A National Geographic story says blacktips have run-ins with humans often, because they nurse pups in shallow waters during their mating season. “Because so many can be found in and around Florida,” the magazine says, “scientists suspect that they can be credited with the majority of shark bites, though a fatality has never been recorded.”
Read: How Many Sharks Are Left?
Blacktips can grow to be about 6.5 feet long and get their name from the black tips on their fins, according to the Northeast Fisheries Science Center, part of the U.S. National Oceanic and Atmospheric Administration. Their backs are dark gray, blue-gray or “dusky bronze” and they have a “light, conspicuous wedge-shaped band or Z-shaped line on [their] sides beginning near [the] pectoral fins, gradually widening rearward to [the] pelvic fins to merge with [the] white on [their] belly.”

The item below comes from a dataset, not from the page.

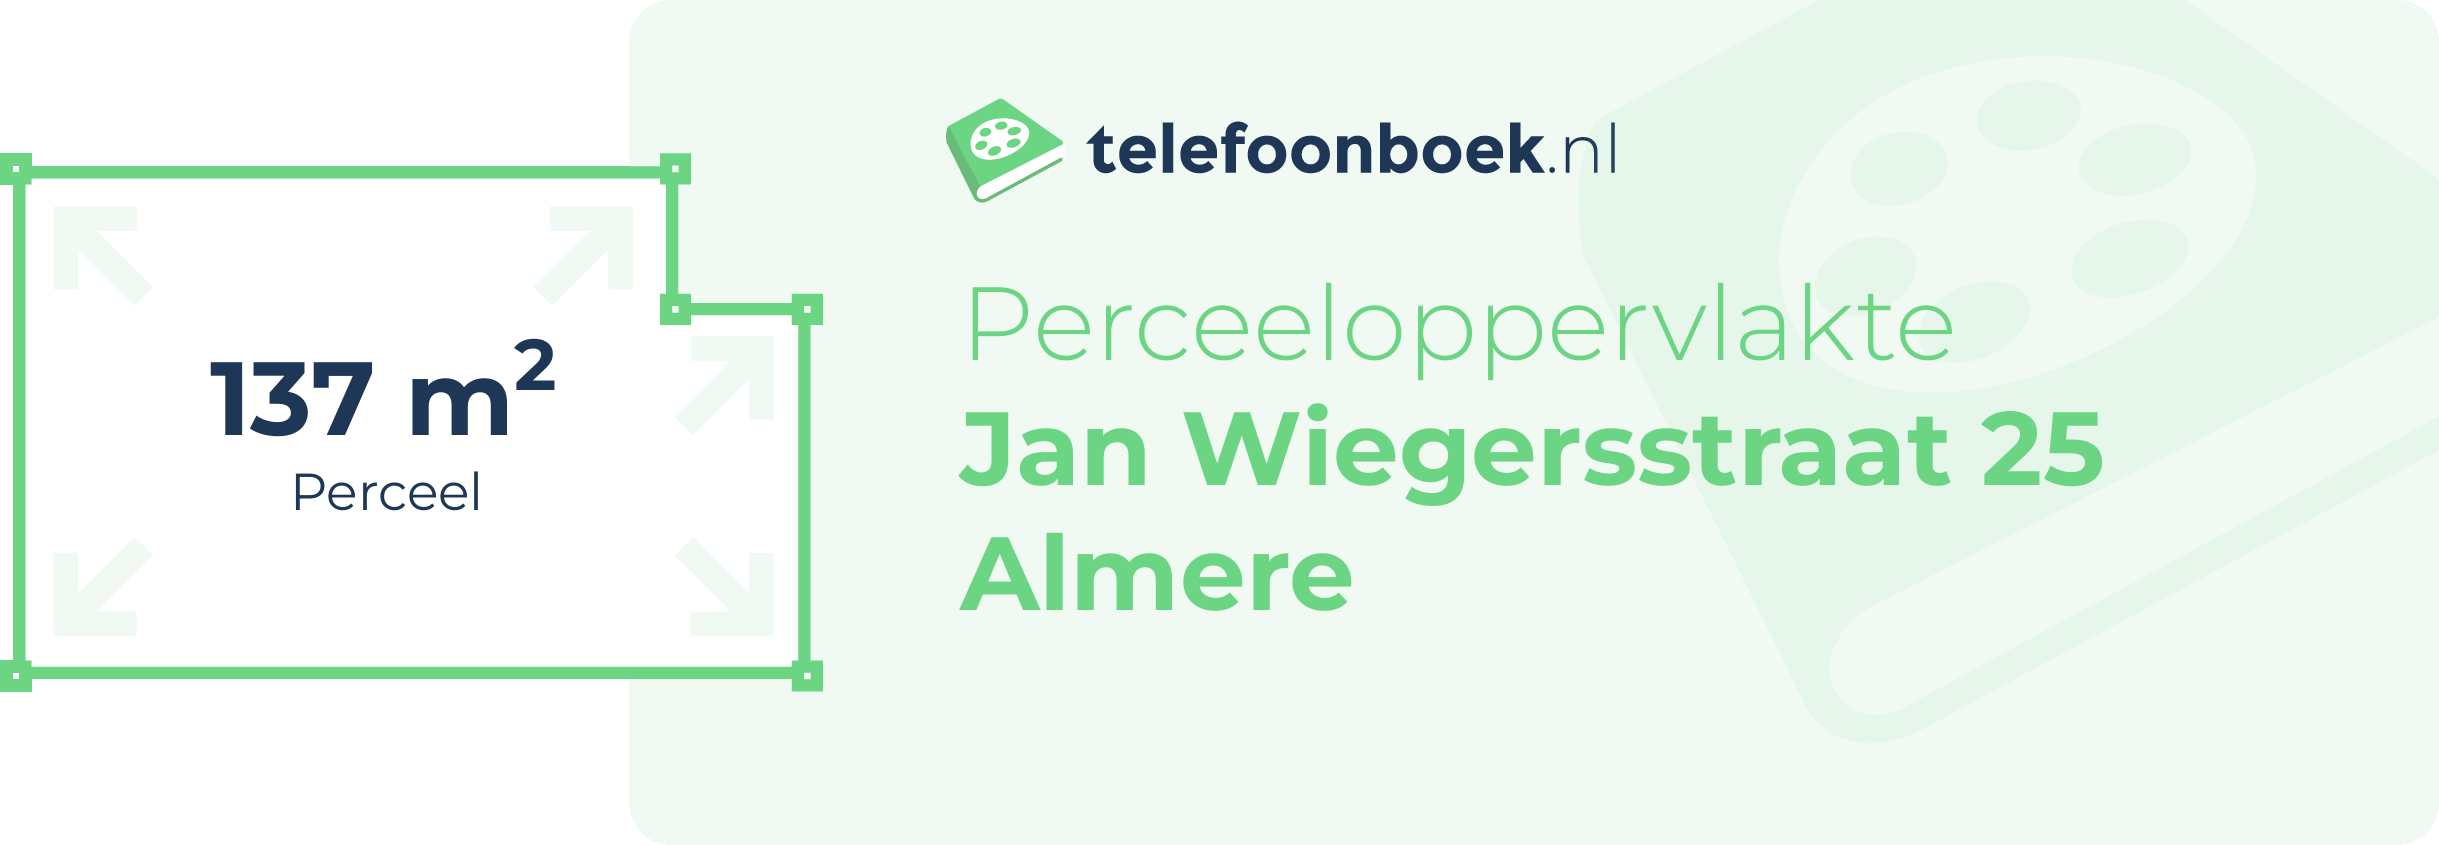 Perceeloppervlakte Jan Wiegersstraat 25 Almere

The sharks were one of various Atlantic shark species that suffered huge population declines between the late 1970s and the 1990s — as a result of overfishing and in part due to a backlash against sharks that has been attributed to the movie “Jaws.” Larger species like the blacktips were hit hardest, because they are more attractive to fishermen and at the same time produce fewer offspring than smaller sharks. But a recent study shows blacktips are on the rebound. Seven types of sharks were measured in the study, six of which were found to have made population gains since NOAA’s National Marine Fishery Service began regulating shark fishing in 1993.